Looking into getting a kicker for my river sled. My transom measures 24" high, all the way across. I know a 25" shaft on a kicker motor would do the trick, however there are not as many options brand wise to get a 4-6hp kicker with a 25" transom. 
I have had a few people tell me, that I should be able to put a kicker with a 20" shaft on my transom and it would do the trick...since the prop would be below the water line, it would give me enough push to hold against current, or go very slowly against it. Does anyone have any experience with this?? I want to get a 4 stroke yamaha in a 6hp, but it's not available in a 25" shaft. Or does anyone have a kicker with a 25" shaft that has any input, good or bad. Appreciate any advice here.


----------



## jerrob (Aug 6, 2011)

Hey Sam, Im grasping at straws here. Cabelas and Bass Pro have an external motor mount for small outboards. that may get ya close enough with a long shaft. Just got a new 6hp Yamaha from Van's. Good motors. PM sent


Outdoor Hub mobile, the outdoor information engine


----------



## Quack Wacker (Dec 20, 2006)

Just put an auxilary adjustable outboard motor mount. There are a few to choose from, below is a picture of a panther, which is the higher end. You would be able to put any length shaft motor on these things. 

I have used them in the past and they work great. 

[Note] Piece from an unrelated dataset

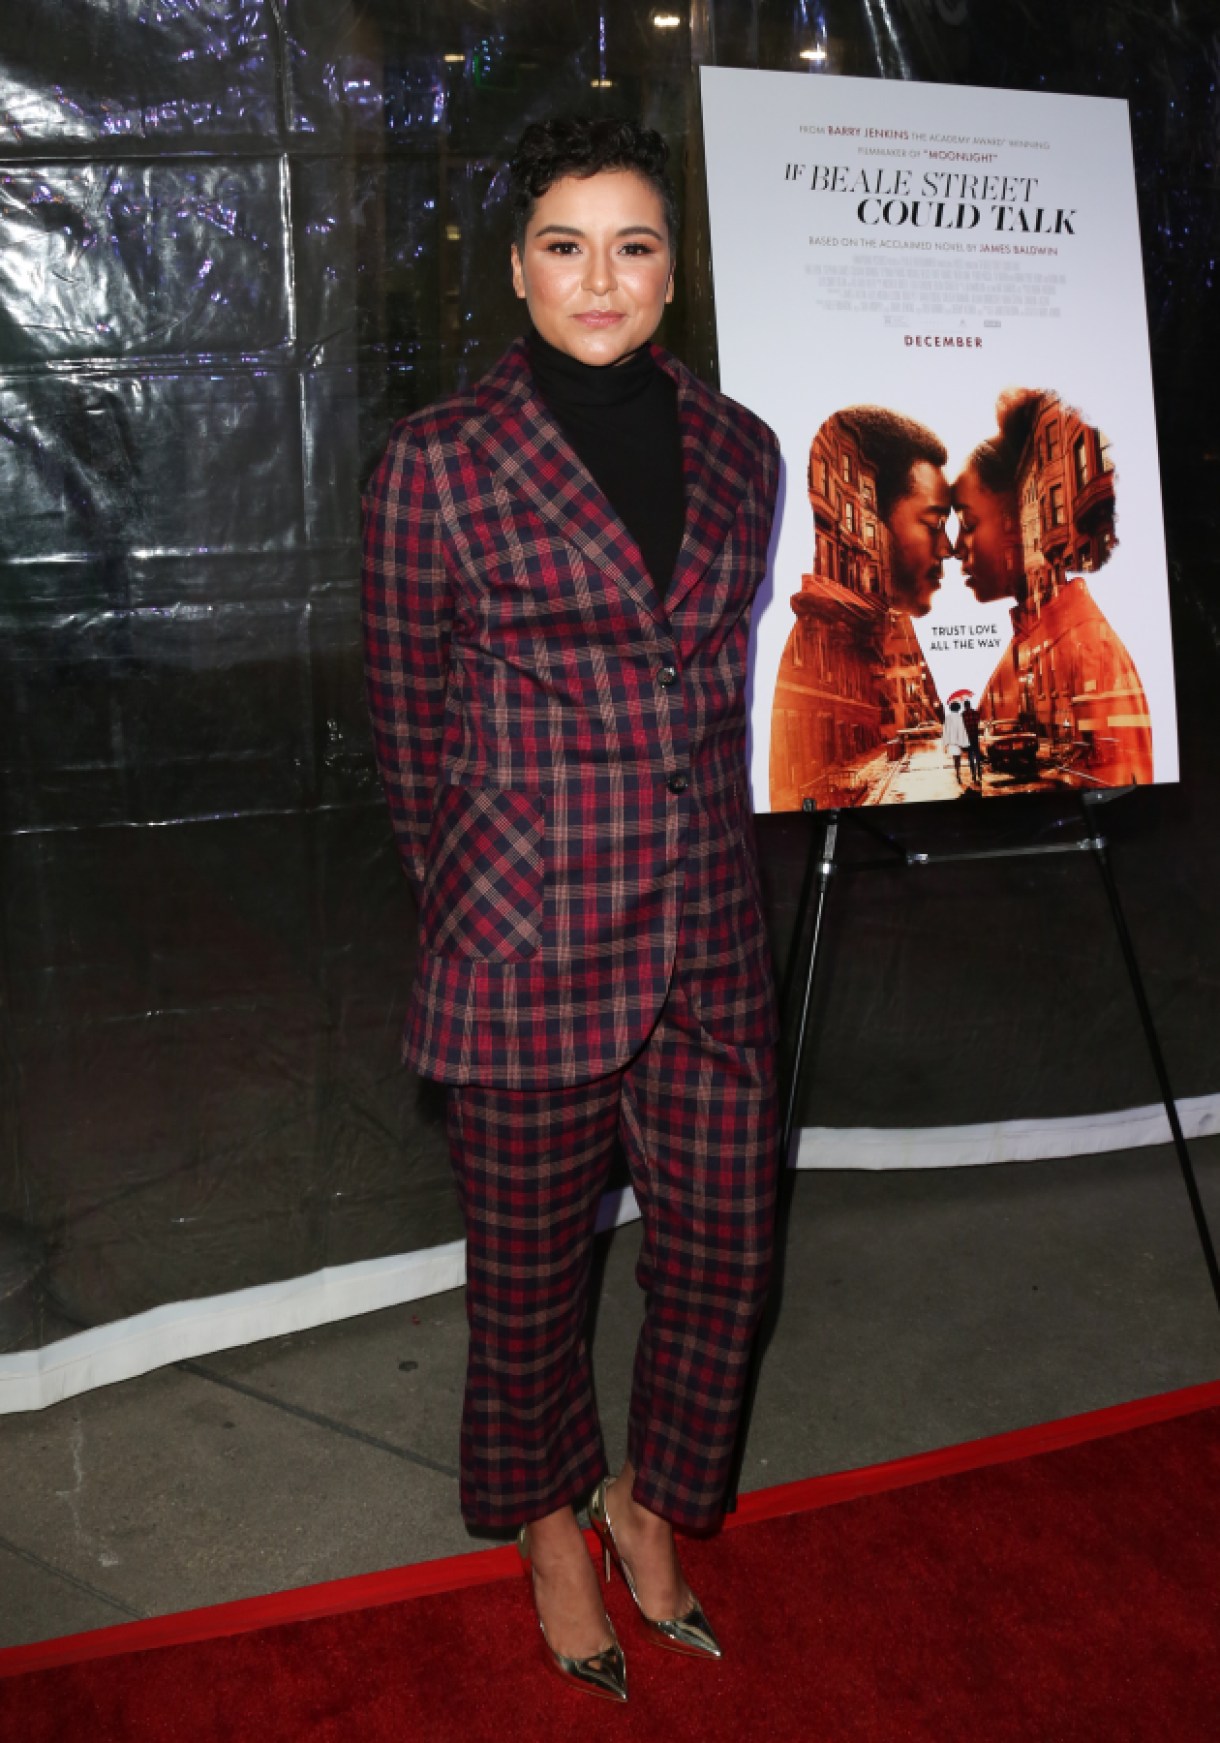 HOLLYWOOD, CALIFORNIA - DECEMBER 04: Actress Emily Rios  attends the screening of "If Beale Street Could Talk" at the ArcLight Hollywood on December 04, 2018 in Hollywood, California. (Photo by Paul Archuleta/FilmMagic)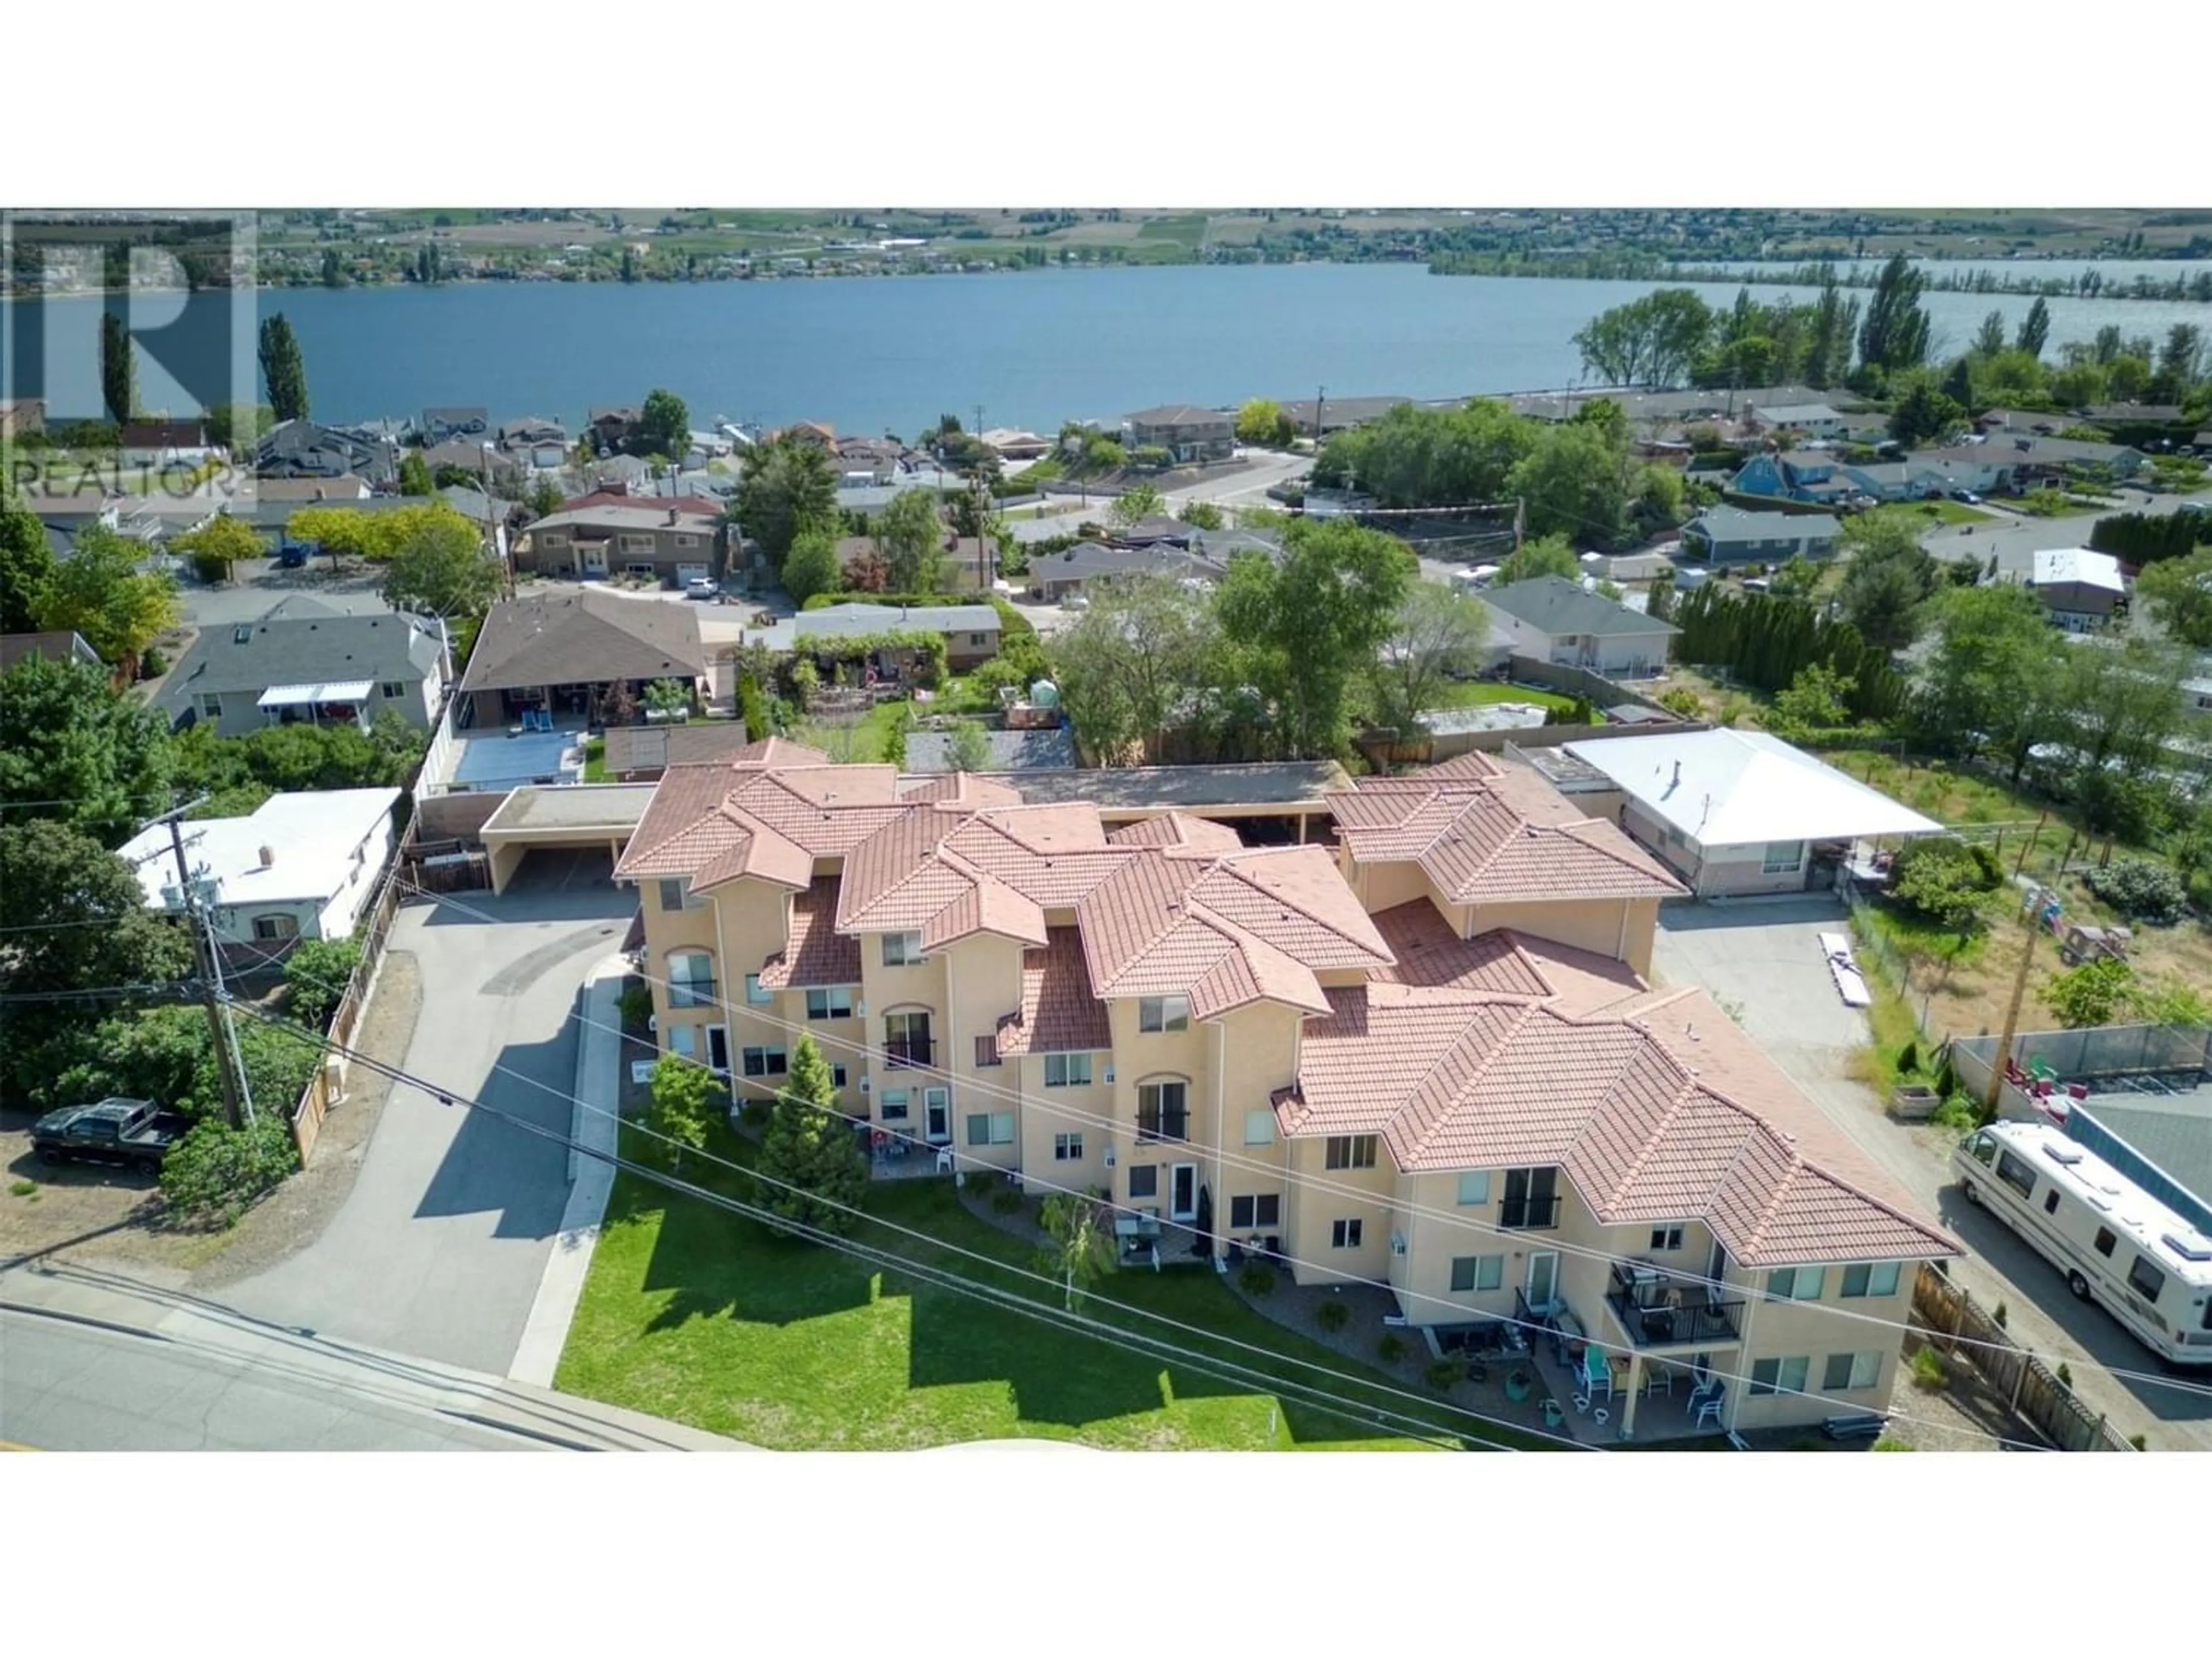 Lakeview for 4809 89TH Street Unit# 102, Osoyoos British Columbia V0H1V4

http://www.cabelas.com/product/Auxi...=motor+mount&WTz_l=Header;Search-All+Products


----------



## samsteel (Oct 6, 2008)

thanks guys, appreciate it. I know about the motor mount, but most likely I will go with a 80lb thrust trolling motor, if I can't get away with mounting a kicker directly to my transom.


----------



## ebijack (Apr 20, 2009)

For the application your using it for I'd guess it does work. But if needed to run full throttle to get somewhere, you'd be starving the water pump and end up shortening the engine's life from over heating. The amount of air/turbulence caused by the bottom of the boat and transom would create so much air/bubbles and possibly not getting enough water to the impellor. That could really do some damage. Typically, if your cavatation plate is not under the water surface while running you are going to have/create problems. That's why it is not recommended. And for running "skinny water" that's what the adjustable tilt angle is for.


----------



## ESOX (Nov 20, 2000)

A kicker that is not below the transom is losing a lot of efficiency in forward, and will be absolutely useless in reverse.


----------



## Greenbush future (Sep 8, 2005)

The electric sounds like a much better option, if you can adjust the depth of it to what ever you need.


----------



## ebijack (Apr 20, 2009)

He deleted his post on how it was working so good... ????


----------